Q.and has asked for the wisdom of the Perl Monks concerning the following question:
I have not been able to make a regex that matches a discontinuous string and still follows the numeric range set in {}. See below, the first example gives correct behavior only when the string is continuous and the second demonstrates its flaws when the string is interrupted by dashes. Example one:
$seq = 'ATCGGATCTGGC';
$tag = '___';
$seq =~ s/[ATGC]{2}/$&$tag/;
$seq =~ s/$tag[ATGC]{4}/$&$tag/;
printing $seq will output:
AT___CGGA___TCTGGC
And that’s exactly what they should do, BUT, if $seq has dashes, the regexes are not appropriate.
In example 2 below, say that all is the same as above, except that
$seq = 'A-C-G--CTGGC';
Printing $seq now outputs:
A-C-G--CT___GGC
instead of the desired output where it effectively ignores dashes and only count letters:
A-C___G--CTG___GC
Any ideas on how I can write the regexes to match when gaps are included?
Re: Regex to match range of characters broken by dashes
by choroba (Cardinal) on Jul 15, 2016 at 22:20 UTC
|
Where did the dash on the 4th position in the second string go?
Assuming it should have stayed, there's a not-only-regex solution:
#!/usr/bin/perl
use warnings;
use strict;
use feature qw{ say };
my @expected = ('AT___CGGA___TCTGGC', 'A-C___-G--CTG___GC');
# ^
my $tag = '___';
for ('ATCGGATCTGGC',
'A-C-G--CTGGC',
) {
my $seq = $_;
my $pos = 0;
my $count_letters = 0;
for my $stop (2, 6) {
until ($count_letters == $stop) {
$seq =~ /([ATGC])/g;
$pos = pos $seq;
$count_letters++;
}
substr $seq, $pos, 0, $tag;
pos $seq = $pos + length $tag;
}
my $exp = shift @expected;
say "$seq\t$exp\t", $exp eq $seq;
}
($q=q:Sq=~/;[c](.)(.)/;chr(-||-|5+lengthSq)`"S|oS2"`map{chr |+ord
}map{substrSq`S_+|`|}3E|-|`7**2-3:)=~y+S|`+$1,++print+eval$q,q,a,
| [reply] [d/l] [select] |
Re: Regex to match range of characters broken by dashes
by RonW (Parson) on Jul 15, 2016 at 22:17 UTC
|
$seq =~ s/-//g; # remove any dashes, first
$seq =~ s/[ATGC]{2}/$&$tag/;
$seq =~ s/$tag[ATGC]{4}/$&$tag/;
Update: As pointed out, in some circumstances, the desired output can have dashes.

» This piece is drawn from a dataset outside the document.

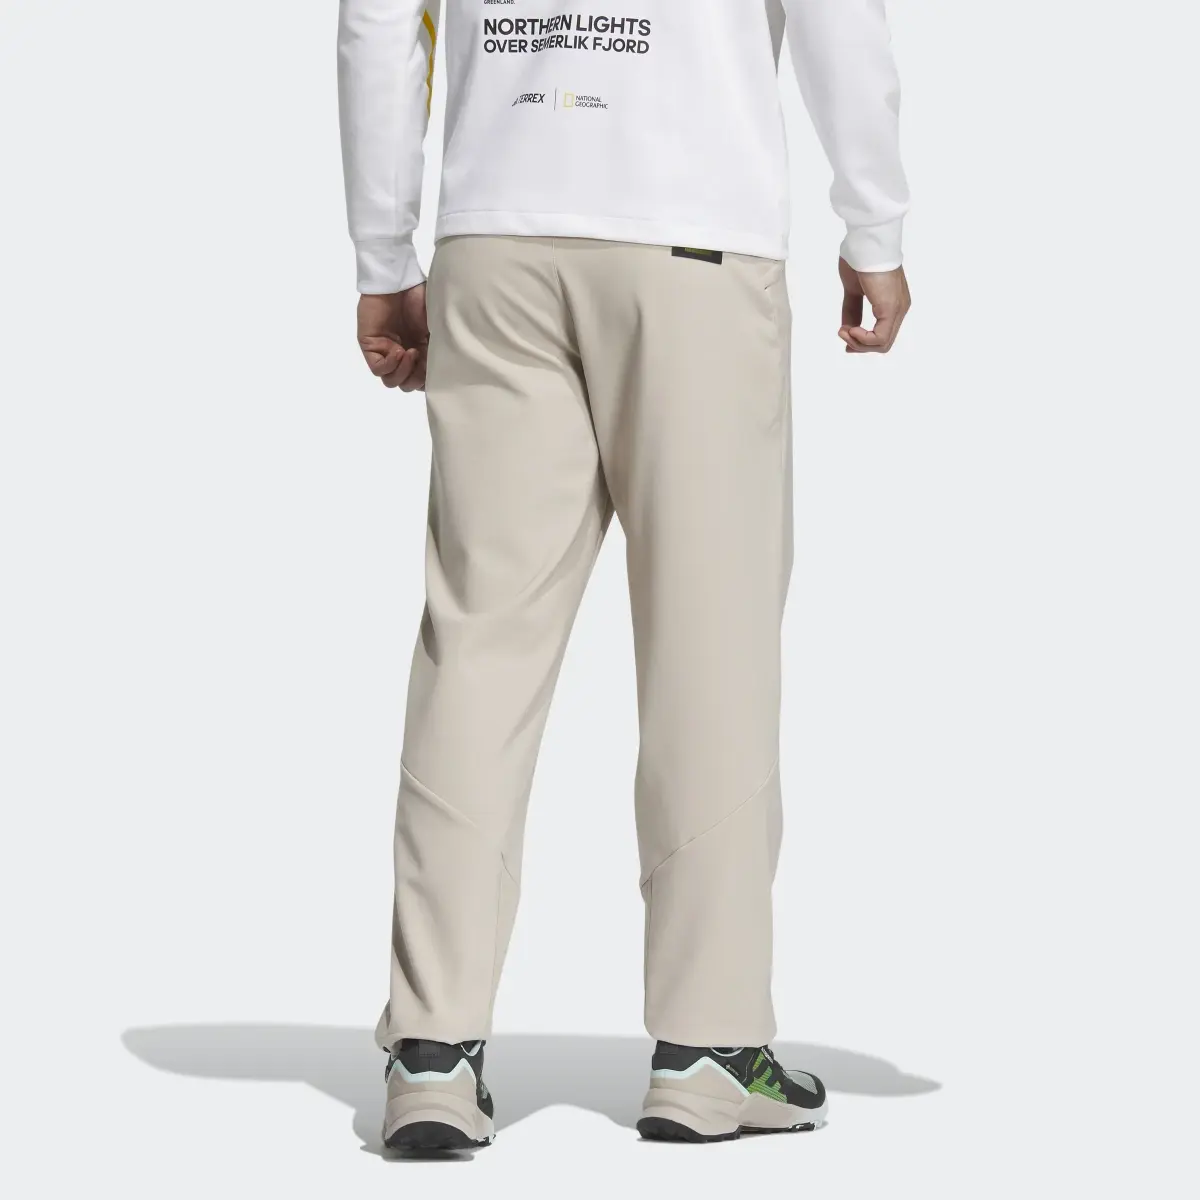 Adidas National Geographic Soft Shell Trousers. 2

So, add a look-ahead so that only single dashes are removed:
$seq =~ s/-(?!-)//g;
| [reply] [d/l] [select] |
|
| [reply] |
Re: Regex to match range of characters broken by dashes
by hippo (Bishop) on Jul 15, 2016 at 21:57 UTC
|
| [reply] |
Re: Regex to match range of characters broken by dashes
by AnomalousMonk (Archbishop) on Jul 16, 2016 at 06:30 UTC
|
Like choroba, I'm wondering: What's supposed to happen to the dash in the 4th position in the second string?
A-C-G--CTGGC
^ dash in 4th position
Assuming it should be replaced by $tag because it's between the quantified groups of bases, here's a multi-regex solution. (Warning: Needs Perl version 5.10+ for the \K regex operator — but I can get around that fairly easily if needed.)
c:\@Work\Perl>perl -wMstrict -le
"use 5.010;
;;
use Test::More 'no_plan';
use Test::NoWarnings;
;;
my $tag = '___';
;;
VECTOR:
for my $ar_vector (
[ qw(ATCGGATCTGGC AT___CGGA___TCTGGC) ],
[ qw(A-C-G--CTGGC A-C___G--CTG___GC) ],
) {
if (! ref $ar_vector) {
note $ar_vector;
next VECTOR;
}
;;
my ($seq, $expected) = @$ar_vector;
my $got = xform($seq);
is $got, $expected, qq{'$seq' -> '$expected'};
}
;;
done_testing;
;;
sub xform {
my ($s) = @_;
;;
my $u = qr{ [ATGC] -*? }xms;
;;
$s =~ s{ $u{2} \K -* }{$tag}xms;
$s =~ s{ $u{4} \K -* }{$tag}xms;
return $s;
}
"
ok 1 - 'ATCGGATCTGGC' -> 'AT___CGGA___TCTGGC'
ok 2 - 'A-C-G--CTGGC' -> 'A-C___G--CTG___GC'
1..2
ok 3 - no warnings
1..3
Of course, more test cases are highly encouraged!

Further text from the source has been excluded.